Fired 30 rounds at 2 coke cans then a 1 gallon paint bucket at 20 feet. I missed first 2 rounds shot high then the other 28 hit home.


----------



## jeb21 (Jun 10, 2008)

A good start


----------



## Deltaboy1984 (Jun 1, 2008)

Took it my CCW class and shot 244/250 :smt1099


----------



## DevilsJohnson (Oct 21, 2007)

for a cheap little gun that a lot of people don't like they sure shoot pretty nice don't they?:mrgreen: I replaces the striker spring with a Wolff spring (I think I got three of them for like eight bucks+shipping) and that lightened the pull a little but you can dry fire the crap out of them (The manual says you can anyway) and they will calm down some in time also. The trigger was something added by lawyers..Not gunsmiths so I had no issue working mine down some:smt033


----------



## MattB (Aug 30, 2008)

DevilsJohnson said:


> for a cheap little gun that a lot of people don't like they sure shoot pretty nice don't they?:mrgreen: I replaces the striker spring with a Wolff spring (I think I got three of them for like eight bucks+shipping) and that lightened the pull a little but you can dry fire the crap out of them (The manual says you can anyway) and they will calm down some in time also. The trigger was something added by lawyers..Not gunsmiths so I had no issue working mine down some:smt033


The problem with the Wolff springs is that they are known to cause light strikes in the Sigmas. If you're going to use it as a defensive weapon I would recommend against it.

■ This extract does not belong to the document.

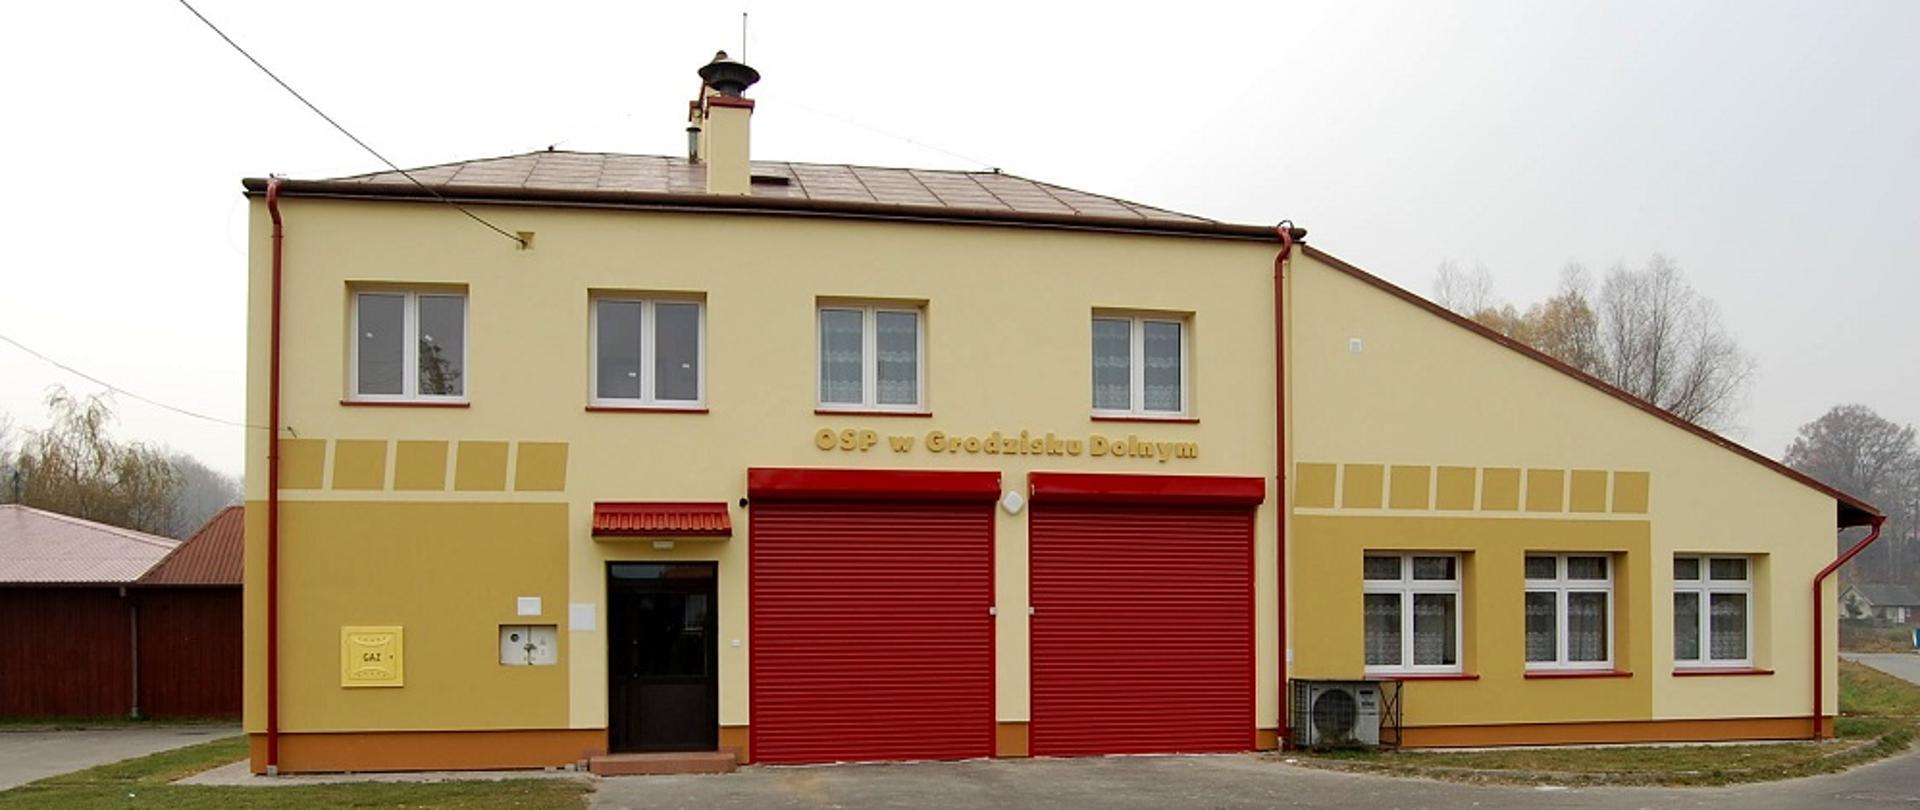 Żółty, dwupiętrowy budynek Straży Pożarnej, dwoje czerwonych dużych drzwi i jedne mniejsze brązowe.

But yes, they are great for the price. For $300 new I'd rather have a Sigma than anything else available new at that price.


----------



## DevilsJohnson (Oct 21, 2007)

3500 rounds on one spring..and I had even cut 3 coils off the spring.

They'll sell you a set of three springs. I figured I'd have to change it after 1500 rounds like I did my Glock 19, it actually worked a lot better. I wasn't just giving advice without knowing what I was saying. doing that about a hand gun could get someone hurt.


----------